SEC says cyber security biggest risk to
financial system
Send a link to a friend
[May 18, 2016]
By Lisa Lambert and Suzanne Barlyn
WASHINGTON (Reuters) - Cyber security is
the biggest risk facing the financial system, the chair of the U.S.
Securities and Exchange Commission (SEC) said on Tuesday, in one of the
frankest assessments yet of the threat to Wall Street from digital
attacks.
|
Securities and Exchange Commission Chair Mary Jo White is interviewed at
the Reuters Financial Regulation Summit in Washington, US May 17, 2016.
REUTERS/Gary Cameron |
Banks around the world have been rattled by a $81 million cyber
theft from the Bangladesh central bank that was funneled through
SWIFT, a member-owned industry cooperative that handles the bulk of
cross-border payment instructions between banks.
The SEC, which regulates securities markets, has found some major
exchanges, dark pools and clearing houses did not have cyber
policies in place that matched the sort of risks they faced, SEC
Chair Mary Jo White told the Reuters Financial Regulation Summit in
Washington D.C.
"What we found, as a general matter so far, is a lot of
preparedness, a lot of awareness but also their policies and
procedures are not tailored to their particular risks," she said.
"As we go out there now, we are pointing that out."
White said SEC examiners were very pro-active about doing sweeps of
broker-dealers and investment advisers to assess their defenses
against a cyber attack.
"We can't do enough in this sector," she said.
Cyber security experts said her remarks represented the SEC’s
strongest warning to date of the threat posed by hackers.
A former member of the World Bank’s security team, Tom Kellermann,
who is now chief executive of the investment firm Strategic Cyber
Ventures LLC, called it "a historic recognition of the systemic risk
facing Wall Street."
BROKEN WINDOWS
Under White, a former federal prosecutor, the SEC introduced an
initiative called "broken windows" designed to crack down on small
violations of SEC rules to deter traders and others from larger
transgressions.
But critics have questioned whether the initiative, similar to one
used by former New York City Mayor Rudy Giuliani in his crackdown on
crime in the city, is an effective use of the agency’s limited
resources.
The policy has been applied to instances of “rampant non-compliance”
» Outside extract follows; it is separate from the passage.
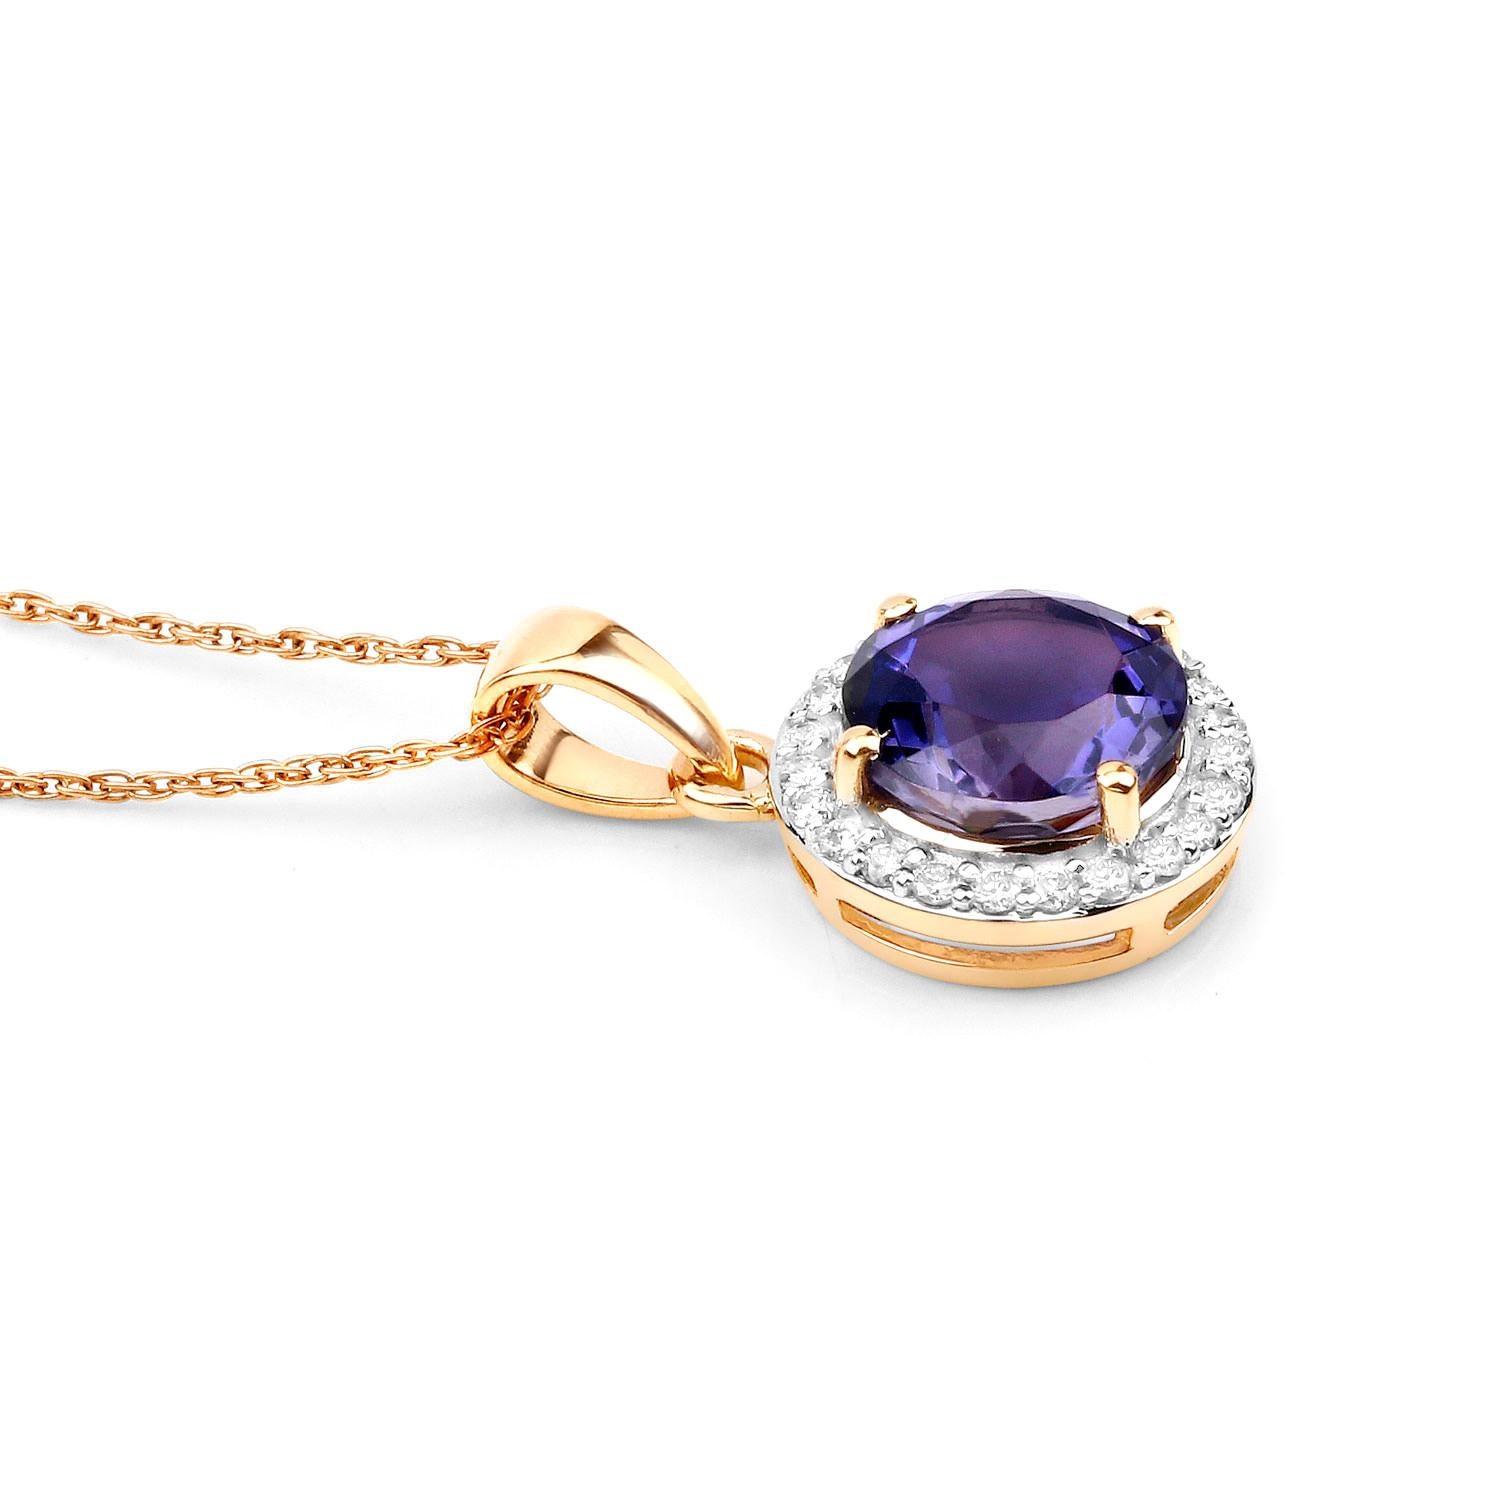 Iolite Pendant Necklace With Diamonds 1.71 Carats 14K Yellow Gold In Excellent Condition For Sale In Laguna Niguel, CA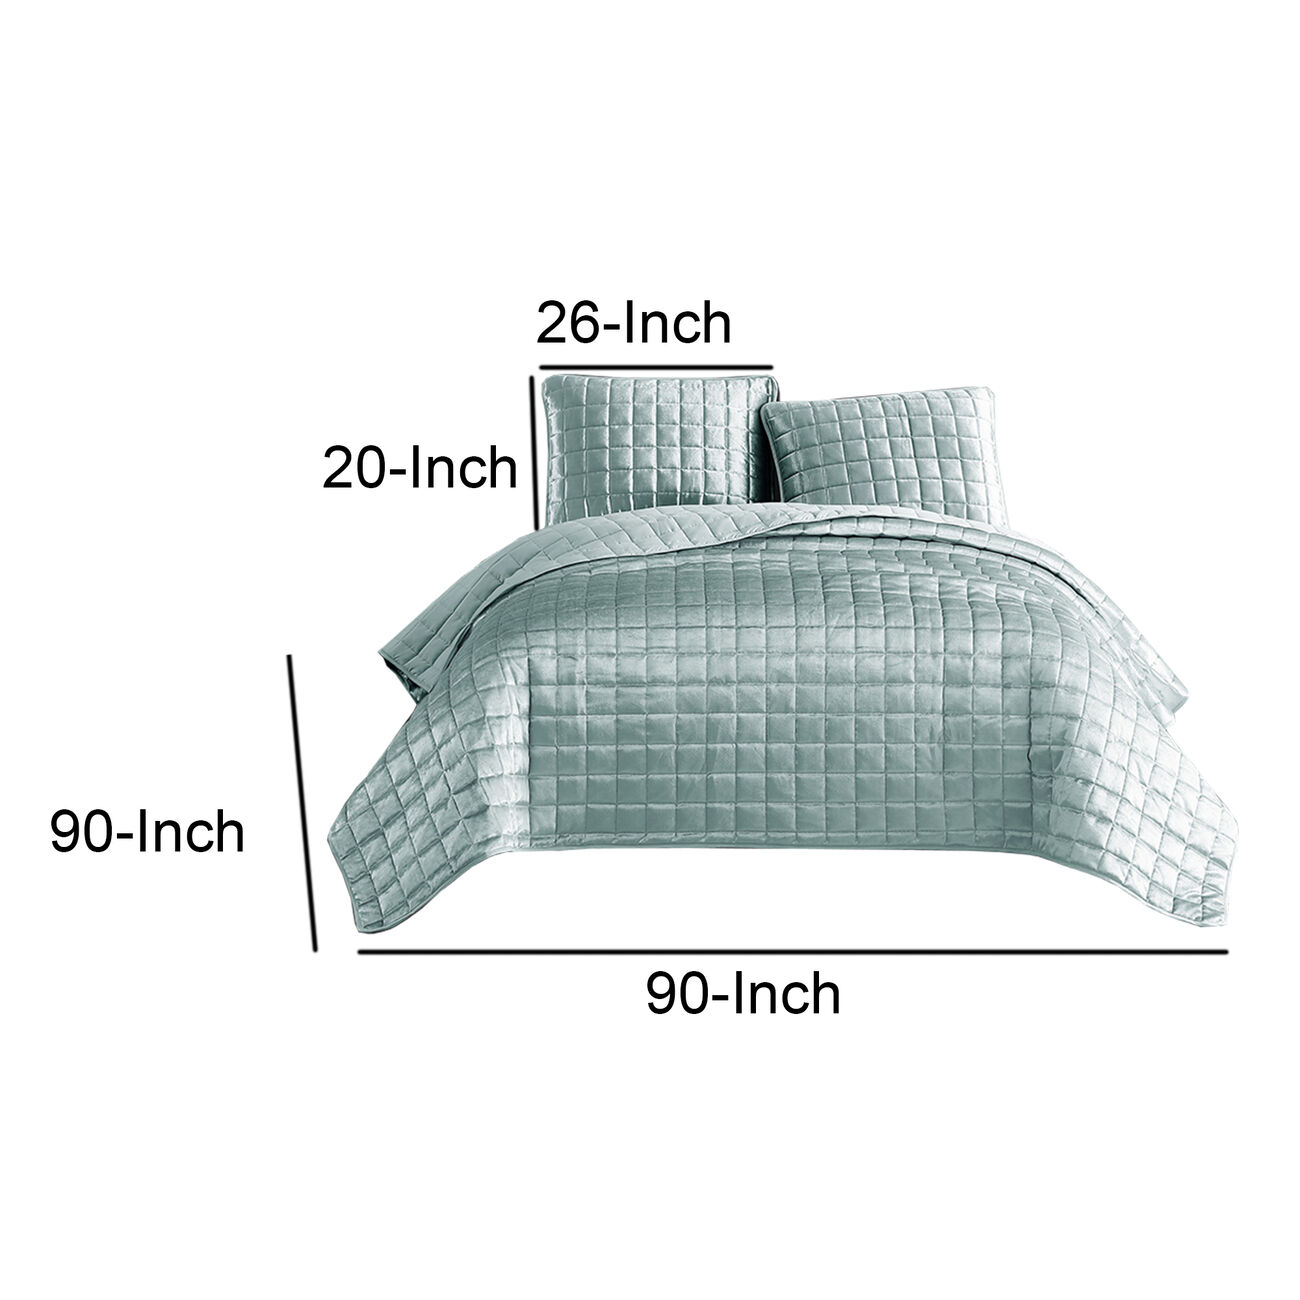 3 Piece Queen Size Coverlet Set with Stitched Square Pattern, Sea Green

involving serious, significant rules, White said, noting that she
considers the initiative a huge success.
For example, the SEC brought three groups of cases in a key area,
the prohibition against short selling ahead of an IPO by individuals
who then participated in the IPO, since 2013, she said. Each year,
there have been fewer cases, with the most recent number at around
12, White said. GAAP VS. NON-GAAP
Also on Tuesday, the SEC released guidance about how certain
accounting practices could potentially mislead investors that White
called "consequential."
[to top of second column] |
Companies are increasingly using non-Generally Accepted Accounting
Principles, or non-GAAP, to report earnings, permitting them to back
out certain expenses from earnings figures, such as non-cash costs.
But critics say the practice can also mislead investors by creating
a rosier picture of a company’s profits.
The SEC’s current rules allow companies to report with figures that
do not comply with GAAP, as long as certain conditions are met and
White said the guidance spells out those conditions, such as a
requirement that “the GAAP measure has to be of equal or greater
prominence than non-GAAP."
Non-GAAP "is not supposed to supplant GAAP and obviously not obscure
GAAP," she said.
She declined to say if the SEC is considering enforcement actions
against companies that might be misleading investors with non-GAAP,
but noted the SEC would not hesitate to bring one if it uncovered an
“actionable violation.”
For months now, the SEC has only had three commissioners, down from
its full complement of five, and the U.S. Congress has stalled on
confirming two nominees.
"We're really functioning on all cylinders," White said, ticking off
a list of projects the commission has recently completed.
She added that, to comply with rules on meetings and disclosures,
commissioners typically meet one-on-one.
"If there are only three of you, it's shorter-circuited to some
degree," she said. "There are some advantages, too."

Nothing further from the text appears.